Adesso è arrivato un nuovo social media che ha proprio lo scopo di aiutare i consumatori a trovare le migliori assicurazioni leggendo i commenti degli altri utenti. Si chiama InsurVisor ed è stato descritto come il “tripadvisor del mondo assicurativo”. In pratica, infatti, InsurVisor sta alle assicurazioni come tripadvisor sta agli hotel o ai ristoranti: tramite questo social si possono quindi leggere commenti e recensioni degli altri clienti che danno anche un voto alla determinata compagnia assicurativa.
“InsurVisor è il primo marketplace indipendente nel settore delle polizze e mira ad accogliere tutti i professionisti” ha dichiarato Andrea Viganotti, il broker ideatore e fondatore della start up. Secondo Viganotti l’obiettivo è quello di mettere in stretto contatto clienti (o potenziali clienti) e assicurazioni allo scopo finale di migliorare il servizio anche in base al feedback con questo bacino di utenti. Per le imprese assicurative, poi, InsurVisor è una possibilità per allargare il proprio business e costruire una reputazione sul web.

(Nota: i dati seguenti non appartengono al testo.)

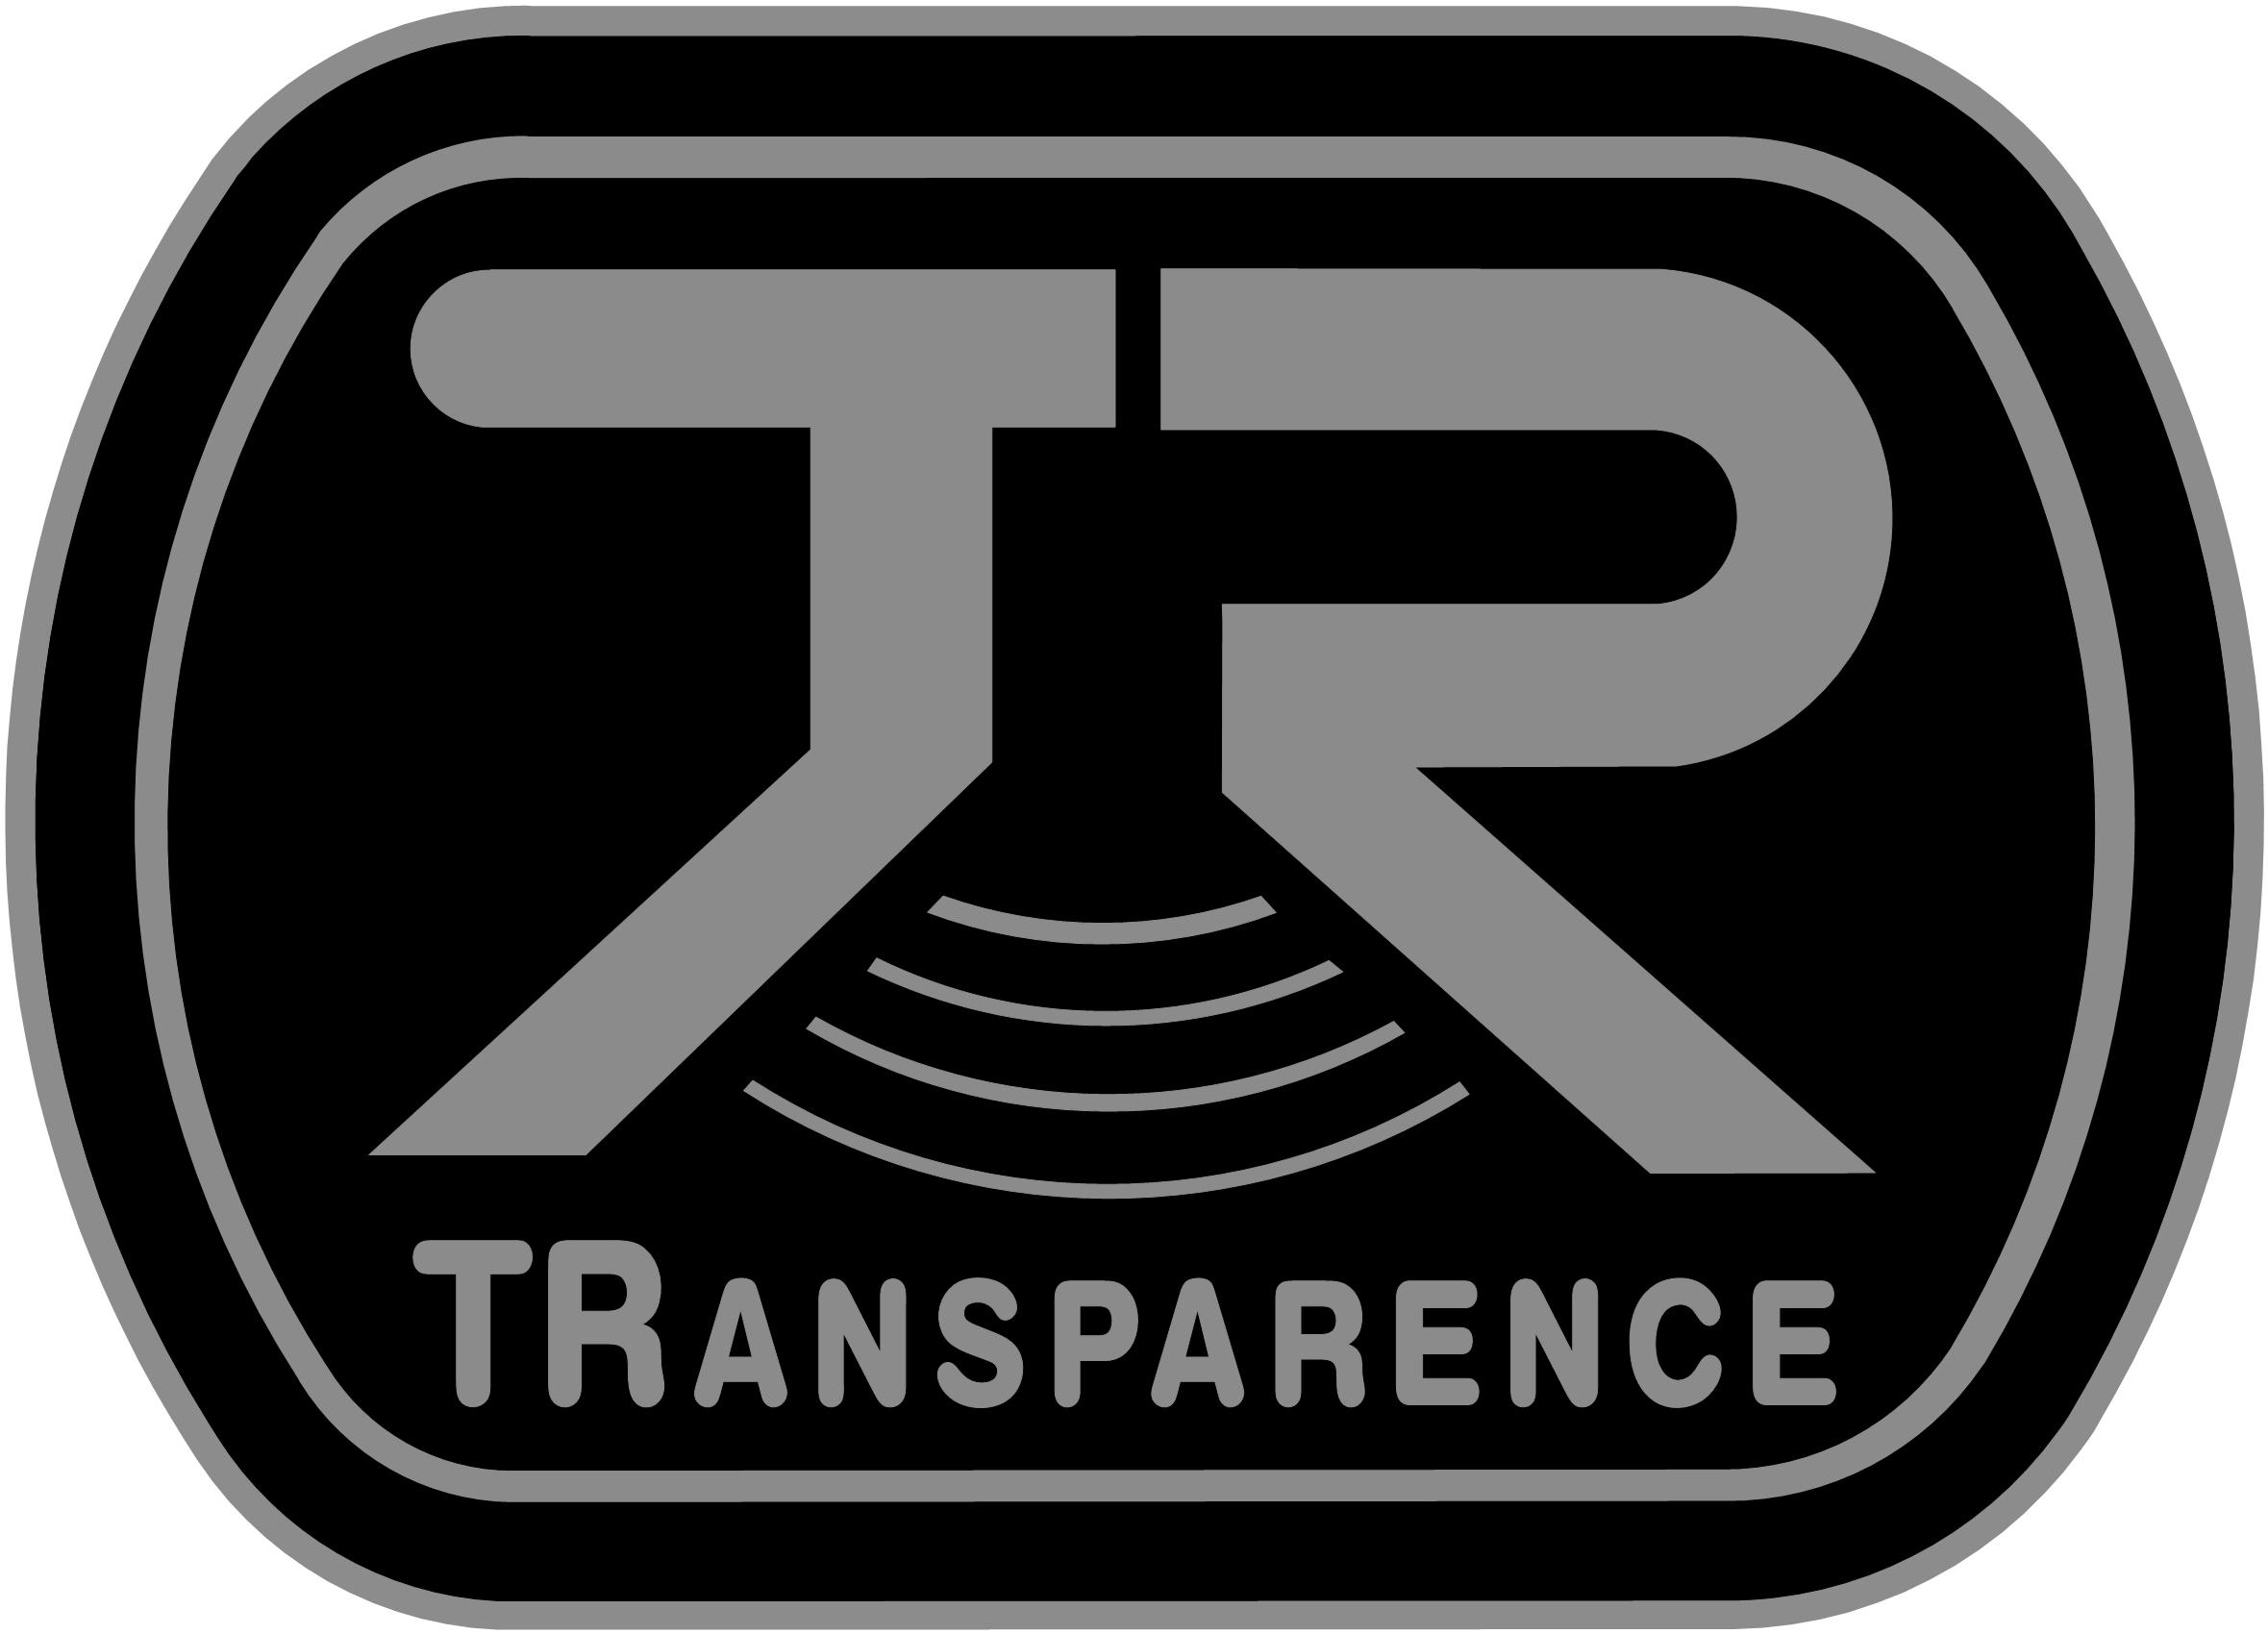 Transparence logo

Il meccanismo di un sito come InsurVisor (e prima ancora come tripadvisor) è infatti legato alla reputazione sulla rete. Se un’azienda è commentata positivamente da altri utenti è ovvio che ne attirerà di nuovi acquisendo fiducia da parte dei clienti. In questo modo si crea un circolo virtuoso che “premia” le imprese più “social friendly” o comunque che hanno un impatto migliore sui clienti. Secondo Viganotti sono ancora poche le assicurazioni che sfruttano adeguatamente il mondo del web.
Ed è proprio questo che ha spinto Andrea Viganotti a mettersi in società con colleghi e soci per avviare la start up unicamente con risorse personali: “Abbiamo investito un milione di euro senza chiedere aiuto alle banche – ha detto Viganotti – Puntiamo a diventare leader del mercato e nel 2015 ci svilupperemo anche in Europa”. La sede dell’azienda, infatti, è a Londra dove oltre ad esserci oneri fiscali meno pesanti c’è pure una maggiore proiezione verso il continente.
Tramite InsurVisor si possono quindi raccogliere informazioni sulle varie aziende e trovare le migliori assicurazioni sul mercato seguendo i commenti dei vari utenti. Ovviamente ogni compagnia assicurativa avrà il proprio profilo personale e tramite il social media si potrà contattare magari per avere informazioni particolari su un determinato prodotto. Registrarsi a InsurVisor è gratuito e per gli operatori è prevista anche una versione premium con assistenza personalizzata.
Con questa versione sarà attiva anche la funzione “Fatti richiamare”, utile per non perdere il contatto con il cliente quando si è occupati. Fra qualche mese, poi, arriverà anche un’app per smartphone e tablet così da rimanere aggiornati sul feedback degli utenti anche in mobilità.
InsurVisor rappresenta una novità interessante per il mercato assicurativo che si presenta sempre più social e 2.0. La reputazione su internet sta diventando sempre più importante e per le assicurazione sarà meglio trattare bene i propri clienti.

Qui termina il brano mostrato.